As SPIEGEL reports with reference to a study by Boston Consulting, the income loss caused by the shortage of skilled workers is already costing the German economy dearly: a loss of 80 billion euros is to be lamented, and the Institute for Employment Research in Nuremberg reported 1.9 million open positions just for the second quarter. There they stand with their briefcases (without brochures, as everything is digital) listening to contributions about AI recruiters that take the work off their hands and about avatars that onboard people and solve problems. That would be great. But actually, the HR department of the future is not supposed to recruit and react so much anymore; it is supposed to act, lead, and influence the company! It is the friendly driving force of a self-learning organization! Developers of potential, learning animators, trainers, coaches, educators, AND talent smiths. Again, one could speak of pressure here! In any case, it is clear: instead of dealing with vacation requests and training certificates, personnel development will methodically focus on the future on:
Corporate learning
Collaborative learning
Immersive learning
E-Recruiting
Green HR
… and many other wonderful things …
The dream: Data takes away our work
Of course, there are booths and companies at the L&Dpro Expo Festival that offer tailored solutions for exactly these tasks and can significantly simplify the challenges in personnel development. Nevertheless, the operational reality in many companies looks different, which is why progress and an insightful quiz are indeed appropriate here. The industry needs solutions, and they exist. However, it is important to first understand them and know beforehand whether they fit the lived reality of one's own employer. A visit to Munich could help with this, although there was an impression on-site that exhibitors were mainly speaking with other exhibitors.
With all the terminology and innovation surrounding highly modern onboarding approaches, cyber glasses, and strategies, it becomes particularly clear in recruiting where the optimists and pessimists of the industry are located: Saša Savić, Chief Sales Officer of Cobrainer, undoubtedly counts among the optimists. The title of his presentation was: “The best talents? Are already here!

Made clear which skills companies currently still lack: Saša Savić, Chief Sales Officer of Cobrainer.
Savić and Cobrainer pursue the approach of first deciphering the existing skills of the core workforce and further qualifying them as needed. The talents of their employees and the expansion of their abilities often lie dormant and untapped. On the one hand, because training offers are often drafted in clear catalogs and generally tailored to departments, not to individual employees. But also because companies lack data in a networked form to make a meaningful assessment of the skill level and development potential of their employees. Recognizing talents and trends and promoting growth individually is thus the central task of the HR of the future.

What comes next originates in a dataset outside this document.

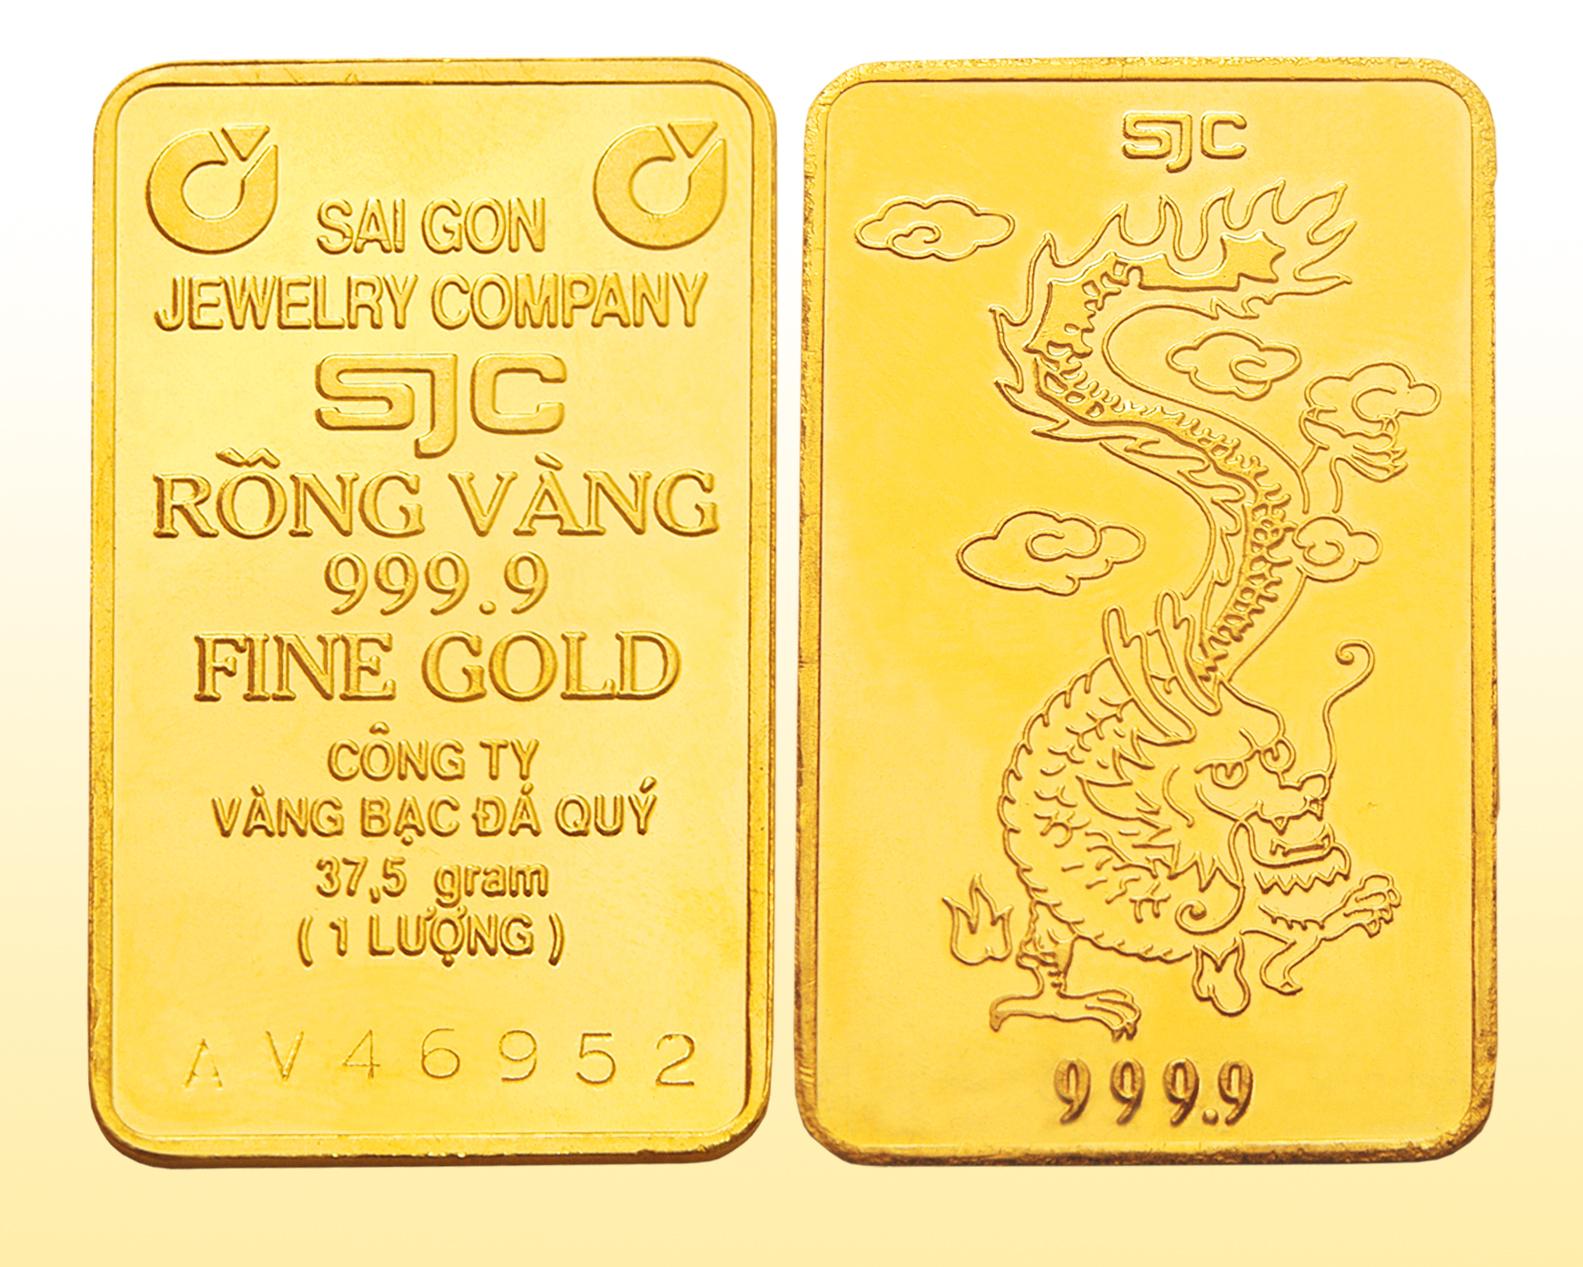 Vàng SJC là một nhãn hiệu vàng do Công ty vàng bạc đá quý Sài Gòn sản xuất

The somewhat more pessimistic and more common approach is known to assume that one must primarily address the shortage of skilled workers through more efficient recruiting, or else dark times would await. However, the recruiting approach does not work inward but outward and is, by definition, a very complex and time-consuming endeavor, which likely constitutes the lion's share of the work of an HR department today.
Here, artificial intelligence can also assist with e-recruiting, particularly in the pre-selection of suitable candidates. The foundation as a prerequisite for success: again, a lot of data! And of course, such an implementation is elaborate, and one must be able to read and understand the data. However, the time savings and the quality of the results in some demonstrations have been perceived as impressive across the board. If this thought is pursued further, a modern HR department could actually have a stronger influence on the company – if it has the right tools, time, and knowledge on its side. This applies both to onboarding and to further qualification and the transfer of know-how between employees and departments.